The Sunday Telegraph

Scarecrows on shaky ground as farms take a shine to lasers

- By Valerie Elliott

SCARECROWS could soon be consigned to history as farmers turn to lasers to protect their crops and livestock.

A 21st century replacemen­t may spell the end of the straw man in tatty clothes after farmers tested a £12,000 robotic laser gun which scares off birds by firing beams in their direction.

It is hoped the device can help protect chickens from avian flu spread by wild birds and stop the destructio­n of crops. The idea was developed after lasers manufactur­ed by the Bird Control Group were used to scare geese away from aircraft.

Farmer Daniel Hoebrichts, who runs Orchard Eggs, near East Grinstead in West Sussex, was given permission to trial the robot during the avian flu outbreak in the winter of 2016.

The results of the trial were not published but Mr Hoebrichts said it resulted in a 90 per cent reduction in the number of of wild birds visiting his farm.

He said: “When the wild birds saw the green light they sensed danger and immediatel­y flew away. The laser really works.”

The Department for Environmen­t, Food and Rural Affairs would not permit him to use the laser during the recent avian flu alert.

But he hopes new research from Dr Armin Elbers, a Dutch epidemiolo­gist, of Wageningen University, will persuade government vets to allow use of the laser robots next winter when migratory birds heighten the risk of spreading avian flu to Britain.

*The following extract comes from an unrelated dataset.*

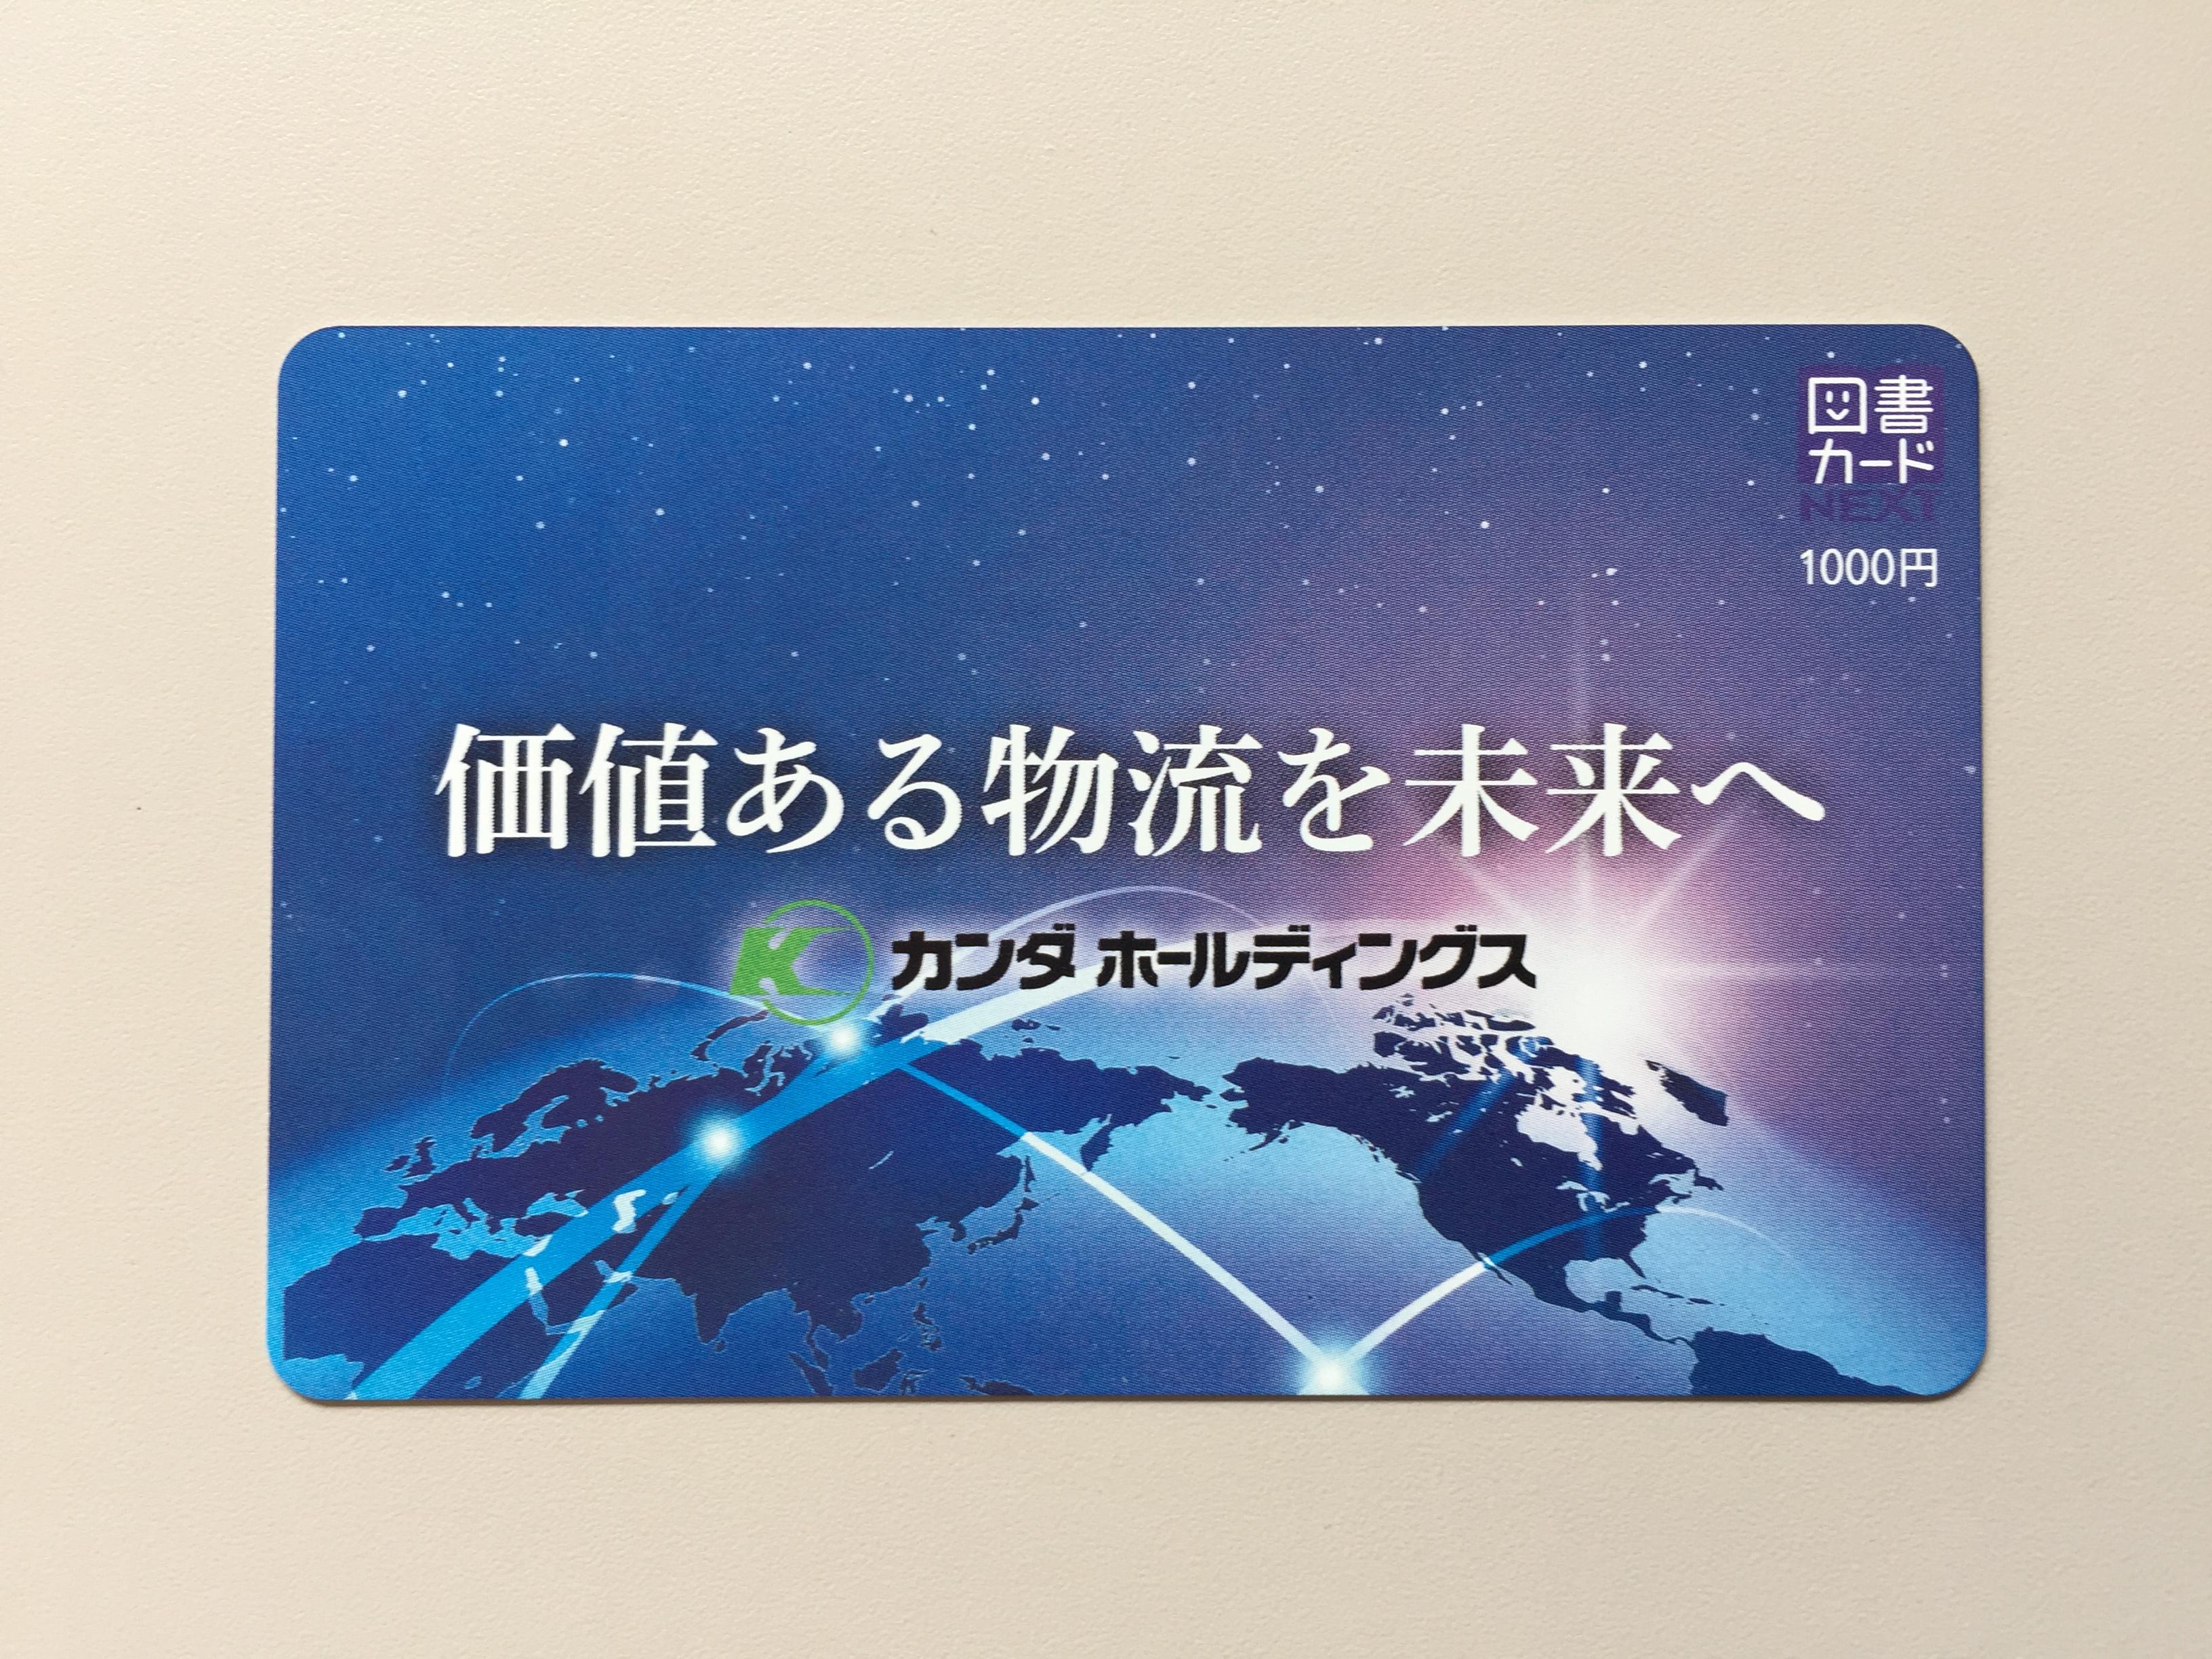 カンダホールディングスから株主優待 図書カードNEXTが届きました

The study on a Dutch free range poultry farm had dramatic results with the numbers of wild birds declining by 99.7 per cent when the laser eye was used. The green eye was attached to an 18ft high platform and was operated from 5pm to 10am when wild birds usually look for food or swim in puddles of water on the farm.

Rik Bakker, the chief executive the Bird Control Group, said: “I think the main point about the study is that it confirms what we have seen in the fields but have not been able to prove.”

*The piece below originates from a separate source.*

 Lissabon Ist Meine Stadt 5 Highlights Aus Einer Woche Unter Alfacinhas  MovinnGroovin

The latest victim of automation is the scarecrow: farmers have started protecting their crops with lasers instead, which Worzel Gummidge just can’t compete with. The last thing Britain needs is to add to the roll call of the unemployed, but progress, they say, cannot be stopped.

So what are scarecrows to do? Test-crashdummy? Teach police dogs to bite? Demand for mannequins is currently low because department stores are shut, and there’s little room for upskilling: with all the will in the world, a scarecrow isn’t going to pass as a bus driver.

What job requires a man to be present but not do anything, yet strike terror in the heart of all who see him? Problem solved: stick the scarecrows in the Commons.